Major changes ahead for county government?

County residents will decide how much to shake up the current county council structure in this November’s election with a vote on three propositions devised by the Charter Review Commission.

by MEREDITH M. GRIFFITH

Sounder contributor

County residents will decide how much to shake up the current county council structure in this November’s election with a vote on three propositions devised by the Charter Review Commission.

“Decisions are twice as hard to make with six compared with three [council members]. This has been costly,” said Commission Chairman Gordon Peterson in a public presentation facilitated by the Eagle Forum on July 26.

The propositions would cut the council from six part-time members to three full-time members; replace the executive county administrator position with a county manager; and mandate that all county council meetings are open to the public.

Approved by majority vote by the 21-member commission, the propositions were developed through a series of meetings that included testimony from county officials, former freeholders, and others with a goal to facilitate a more effective governance structure. The propositions do not overturn Home Rule, adopted in 2005.

Proposition One

The CRC said having a six-member council has resulted in deadlocked votes, wasted time, and overall cost increases due to a greater load on county support staff and higher overhead, saying three is a more efficient number for decision-making.

Each Council Member is currently elected by voters in his or her own district; under Proposition One, all three would be elected by voters county-wide. While the three Council Members would still come from and represent three main geographical districts, candidates could be more likely to campaign – and address voter concerns – county-wide. The commission says this will provide for greater voter representation.

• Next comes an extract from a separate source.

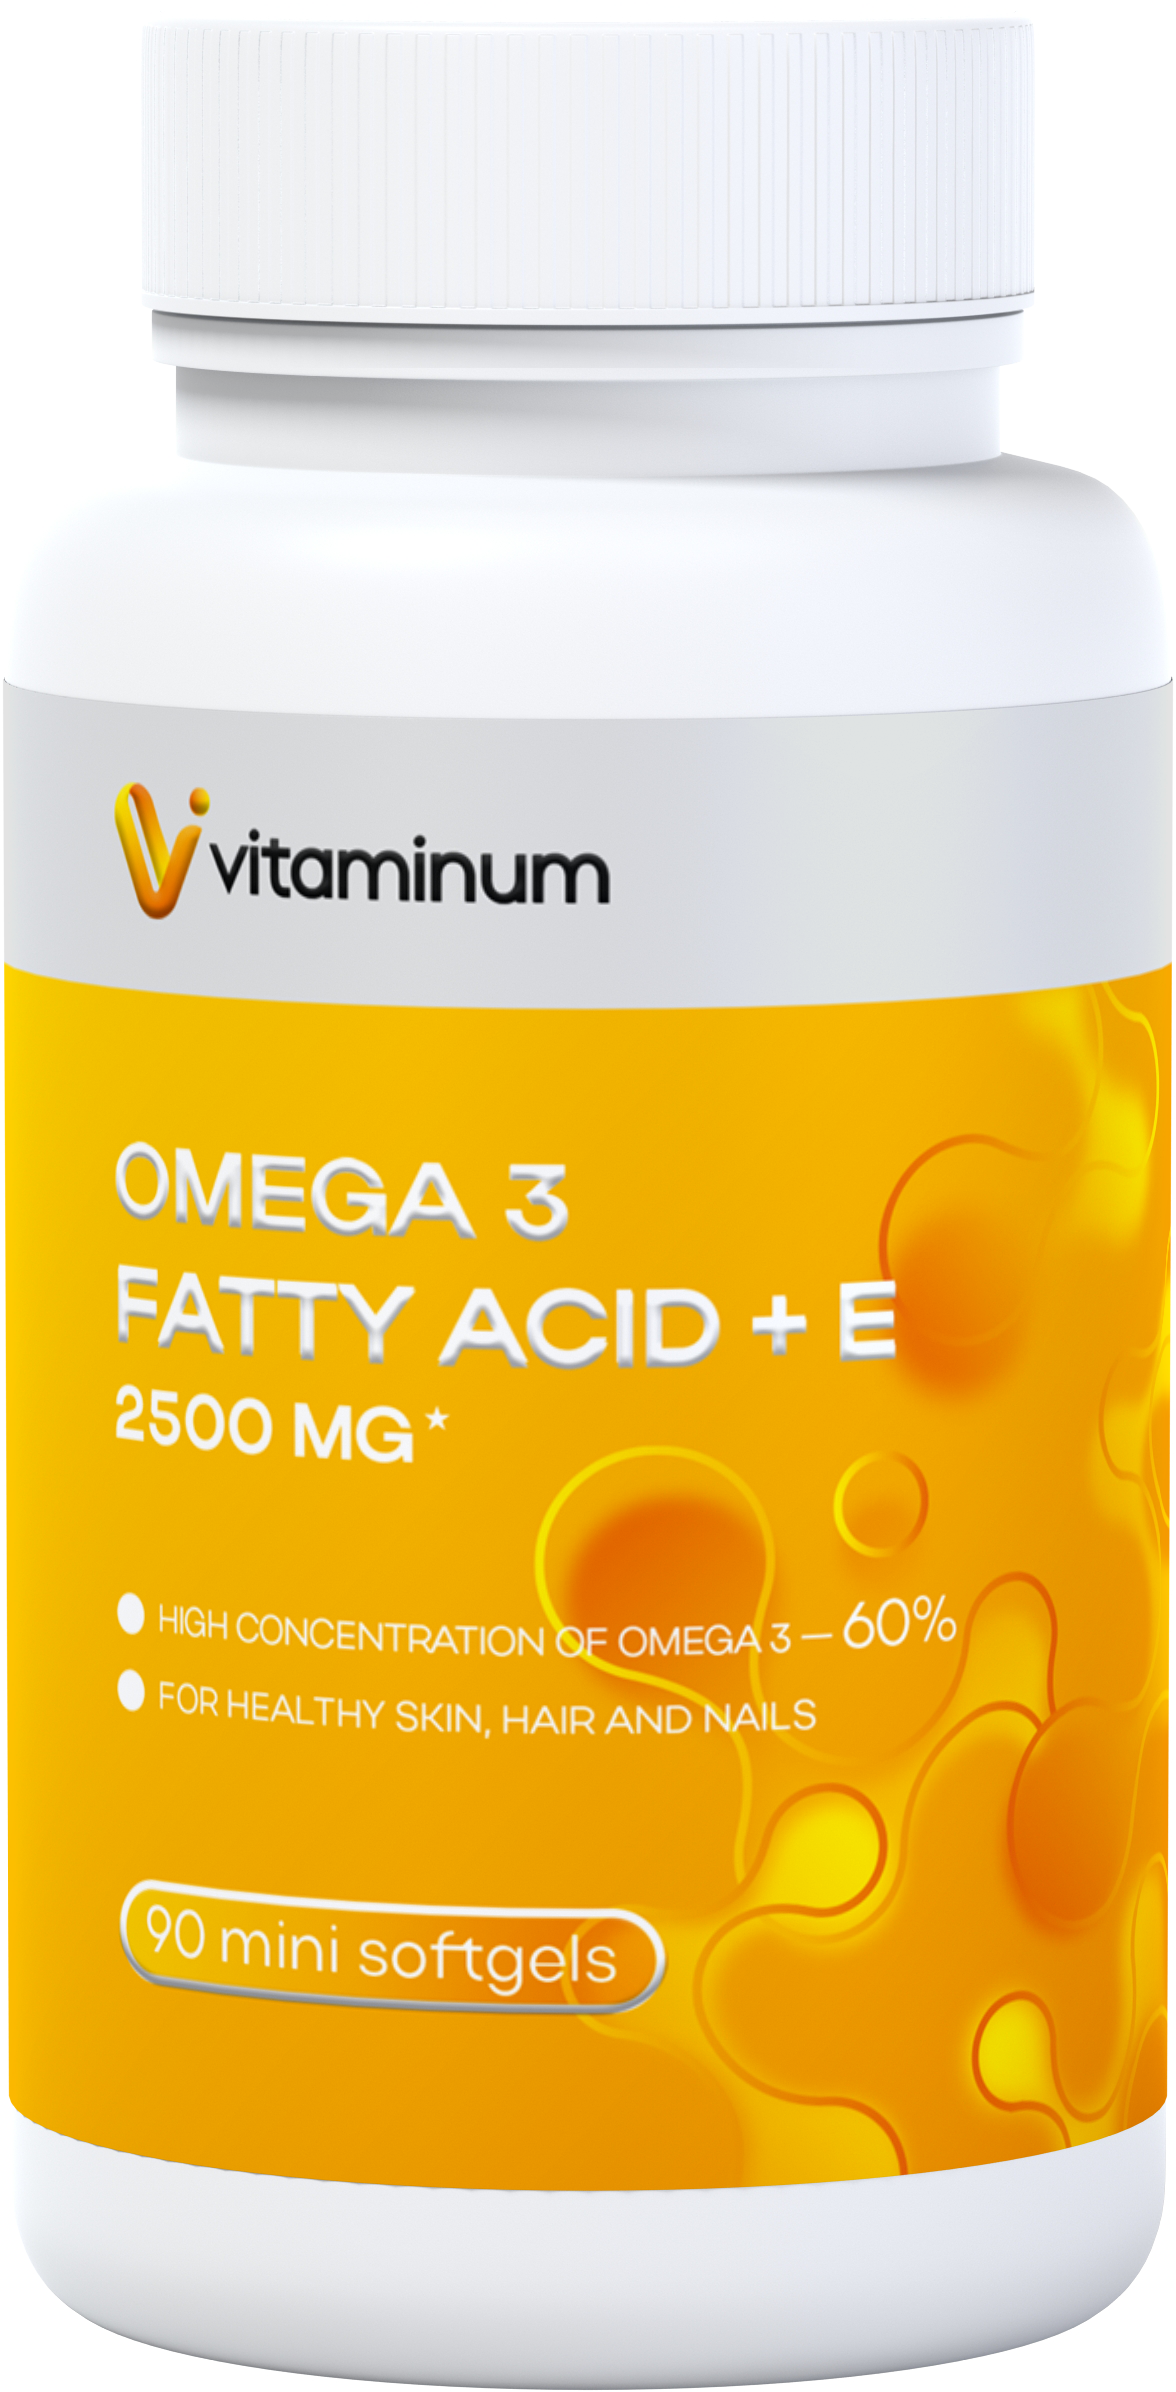  Vitaminum ОМЕГА 3 60% + витамин Е (2500 MG*) 90 капсул 700 мг   в Новороссийске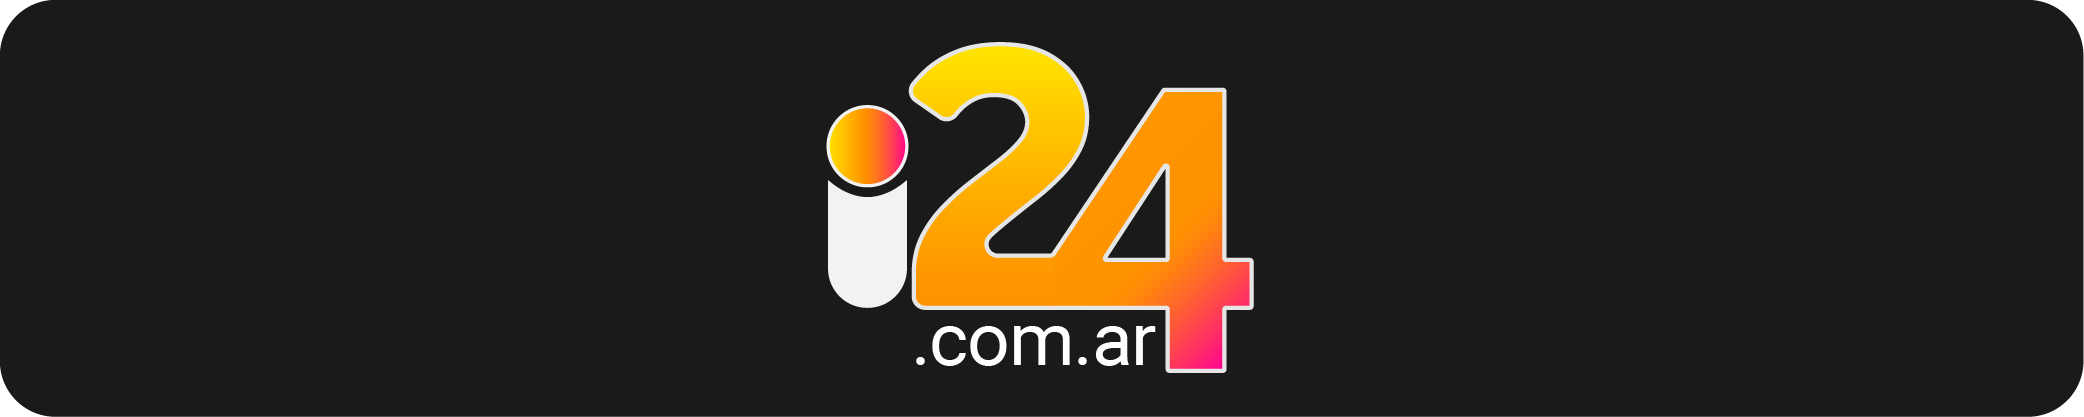 i24.com.ar

Of 39 Washington state counties, 34 operate with councils of three.

Peterson said a three-member leadership body has “140 years of success in San Juan County.”

Proposition Two

The commission states that the current county administrator, appointed by the council, is too powerful and unaccountable to the people of San Juan County.

“We don’t elect that guy [the county administrator]; he’s very powerful; he’s working with staff to come up with legislation,” said Peterson. “The cake is being baked behind the scenes.”

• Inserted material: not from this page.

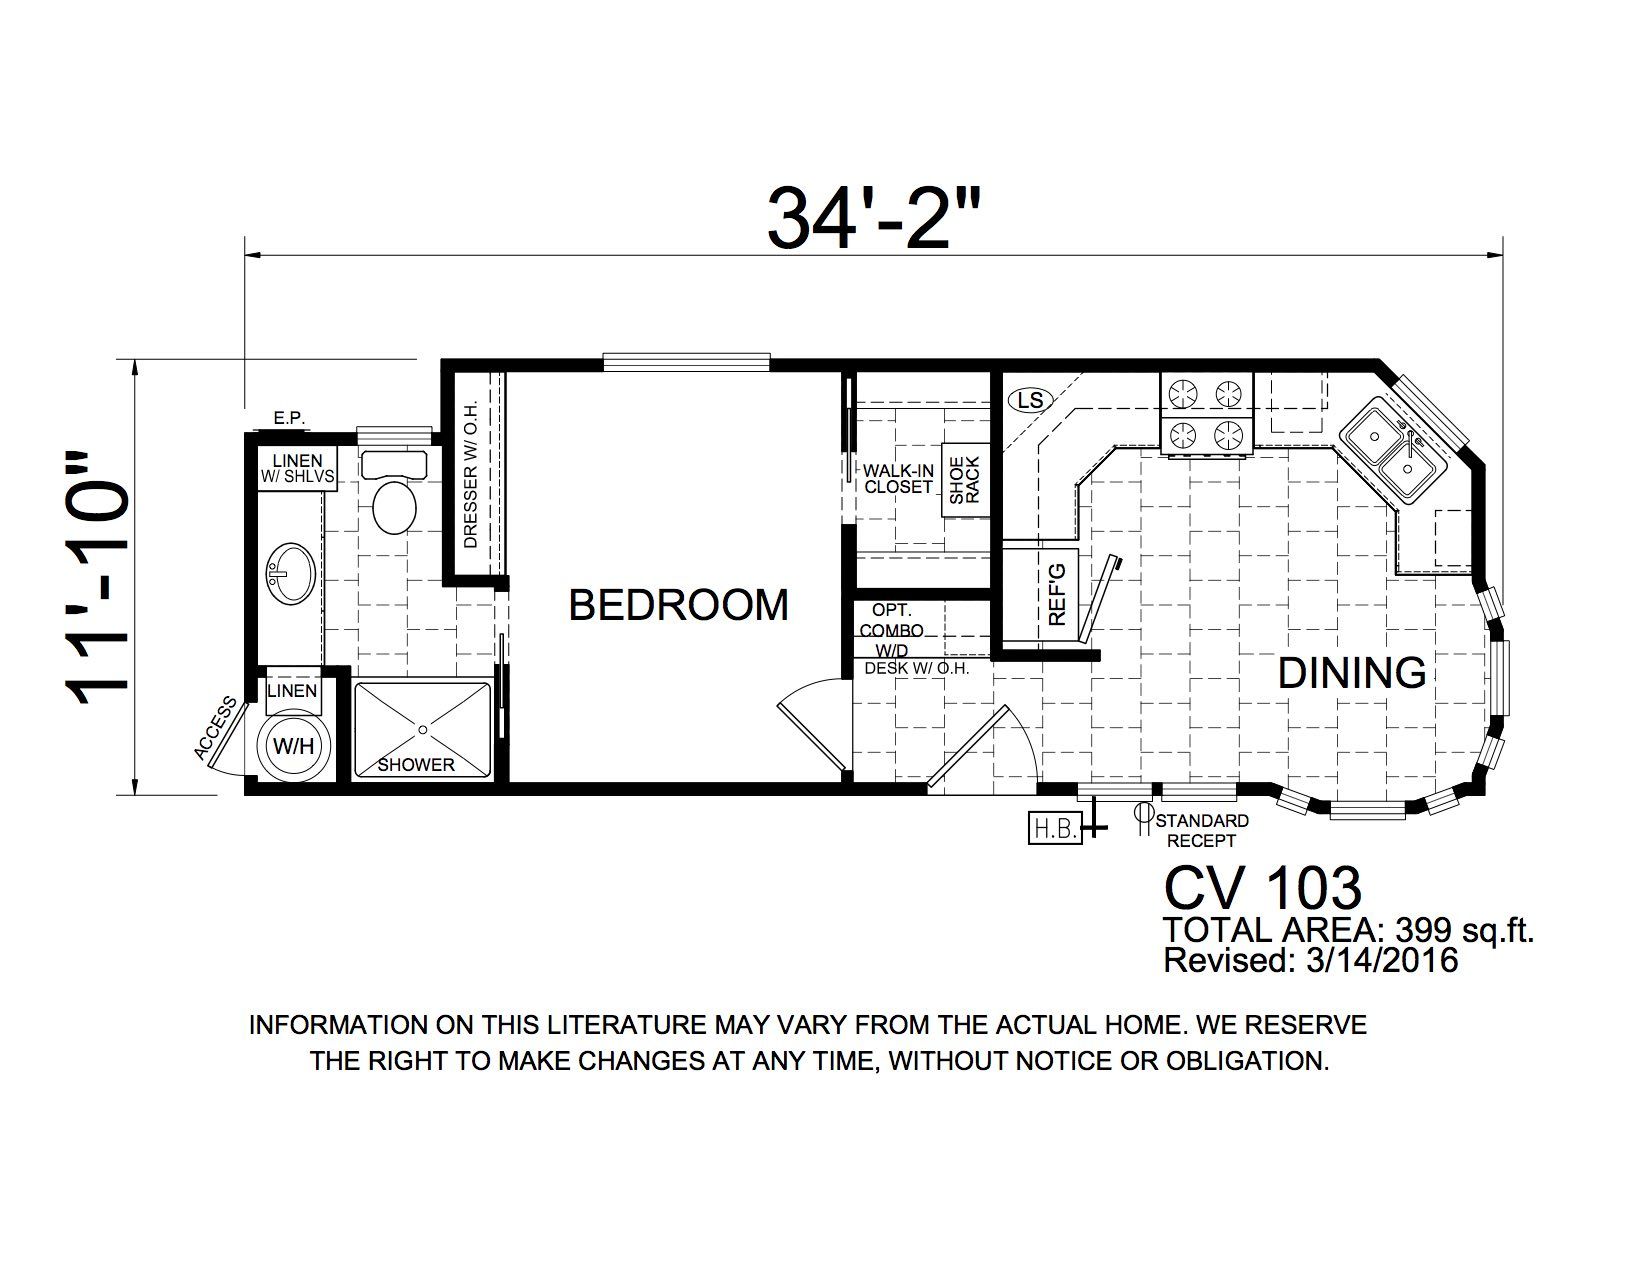 Homes Direct Modular Homes - Model DV103 - Floorplan

While the charter prohibits the council from interfering with the administrator’s job, the council holds hire/fire authority, creating what the commission concluded is a murky authority structure lacking in direct accountability to voters.

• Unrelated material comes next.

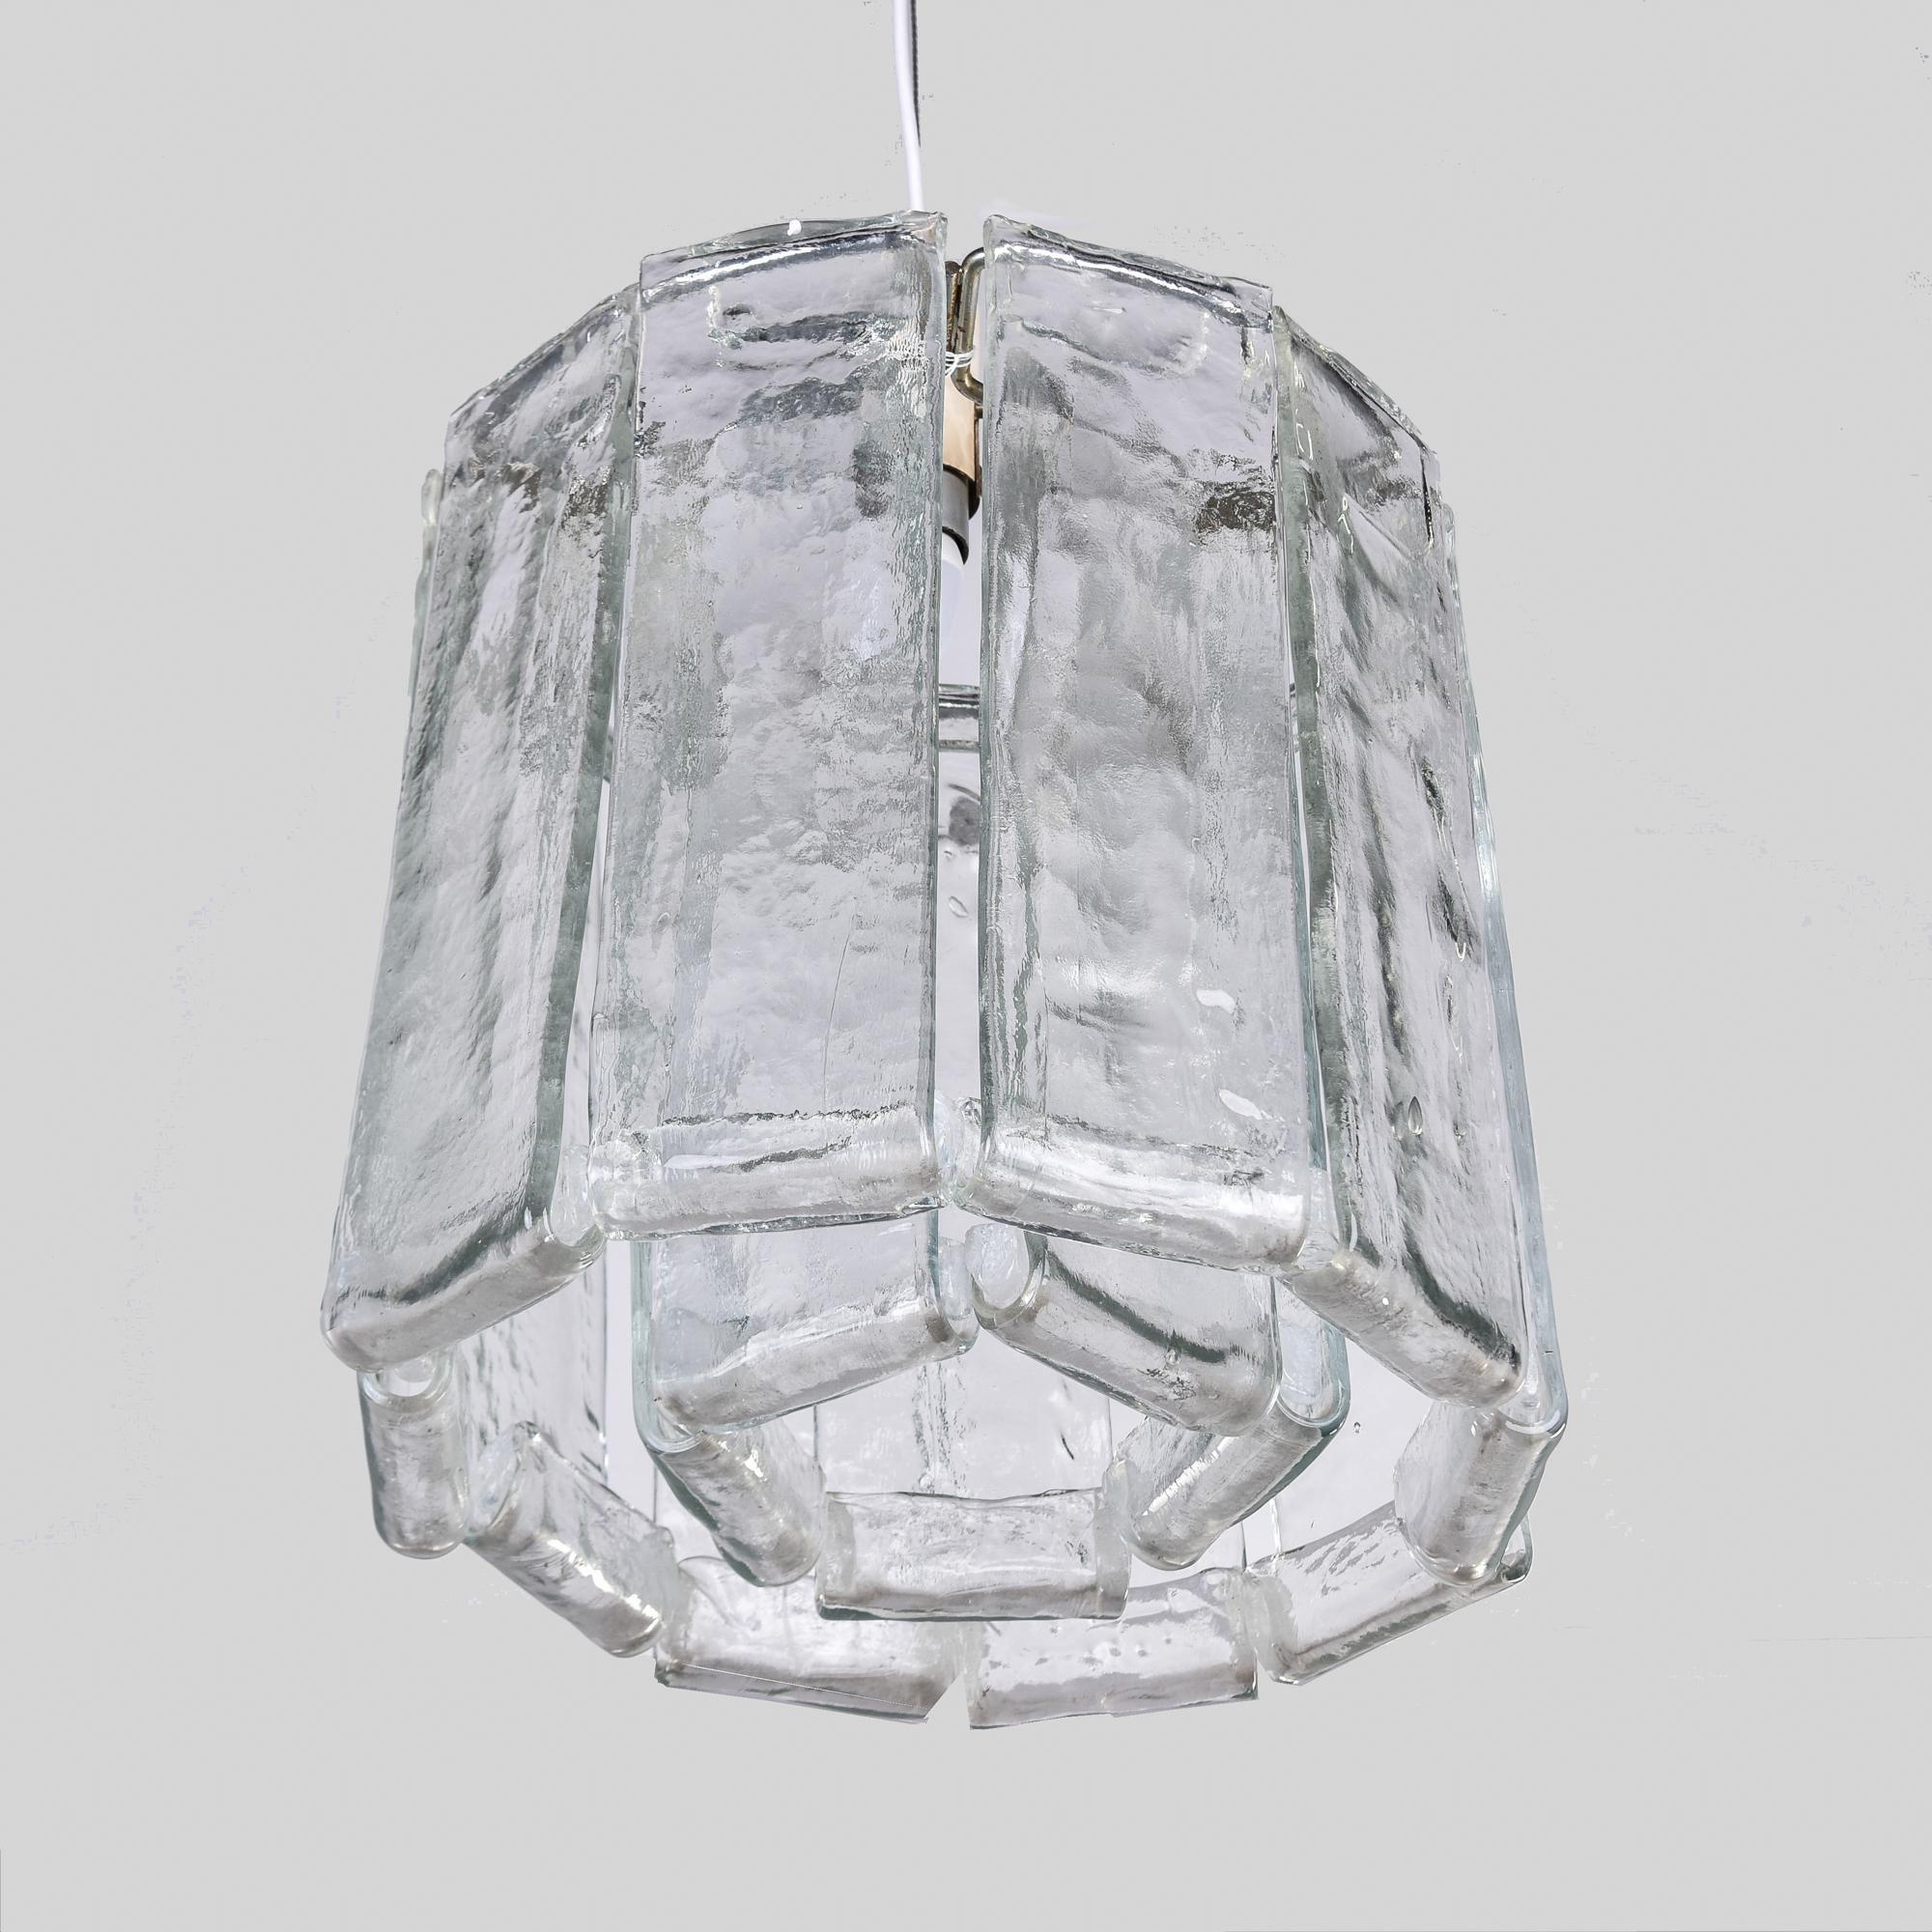 Trouvé en Italie, ce luminaire des années 1960 présente deux niveaux de pendentifs suspendus en verre soufflé transparent et est attribué à Barovier. Ce luminaire est doté d'une seule douille de taille standard au centre. Tout le câblage a été mis à

“What the freeholders tried to do [in the 2005 charter] was mandate that the county hire an administrator … and have the executive and legislative powers separate; but what we heard is that it wasn’t really working,” Moana Kutsche, commission member, told the Sounder. “People felt that the administrator wasn’t very responsive to the needs of people in the county.”

Proposition Three places executive and administrative powers not held by other elected officials firmly with the council, removing the county administrator as a separate executive power and replacing the position with a county manager directly accountable to the council, “recombining both executive and legislative powers under people who are directly accountable to the voters,” Kutsche said.

Proposition Three

At present, it is legal for up to three county council members to meet privately as a council sub-commitee. The commission said this prevents transparency.

“Three can’t pass anything but they can block everything actually producing a ‘no’ vote,” reads the commission’s frequently asked questions. “In our opinion everything should be out in the open.”

Proposition Three would amend the county charter to state that all meetings of the county council and its committees be open to the public except when an executive, or closed, session is allowed by law.

“All the people’s business will be in open meetings,” said Peterson.

Each proposition stands alone, and can pass or fail depending on voter approval.

The event was the first in a series of upcoming informational meetings the CRC plans to conduct on Orcas, with events concentrated after the August primary.

“Whatever the outcome … if people are more aware of how the government works, it’s a huge win,” Kutsche said.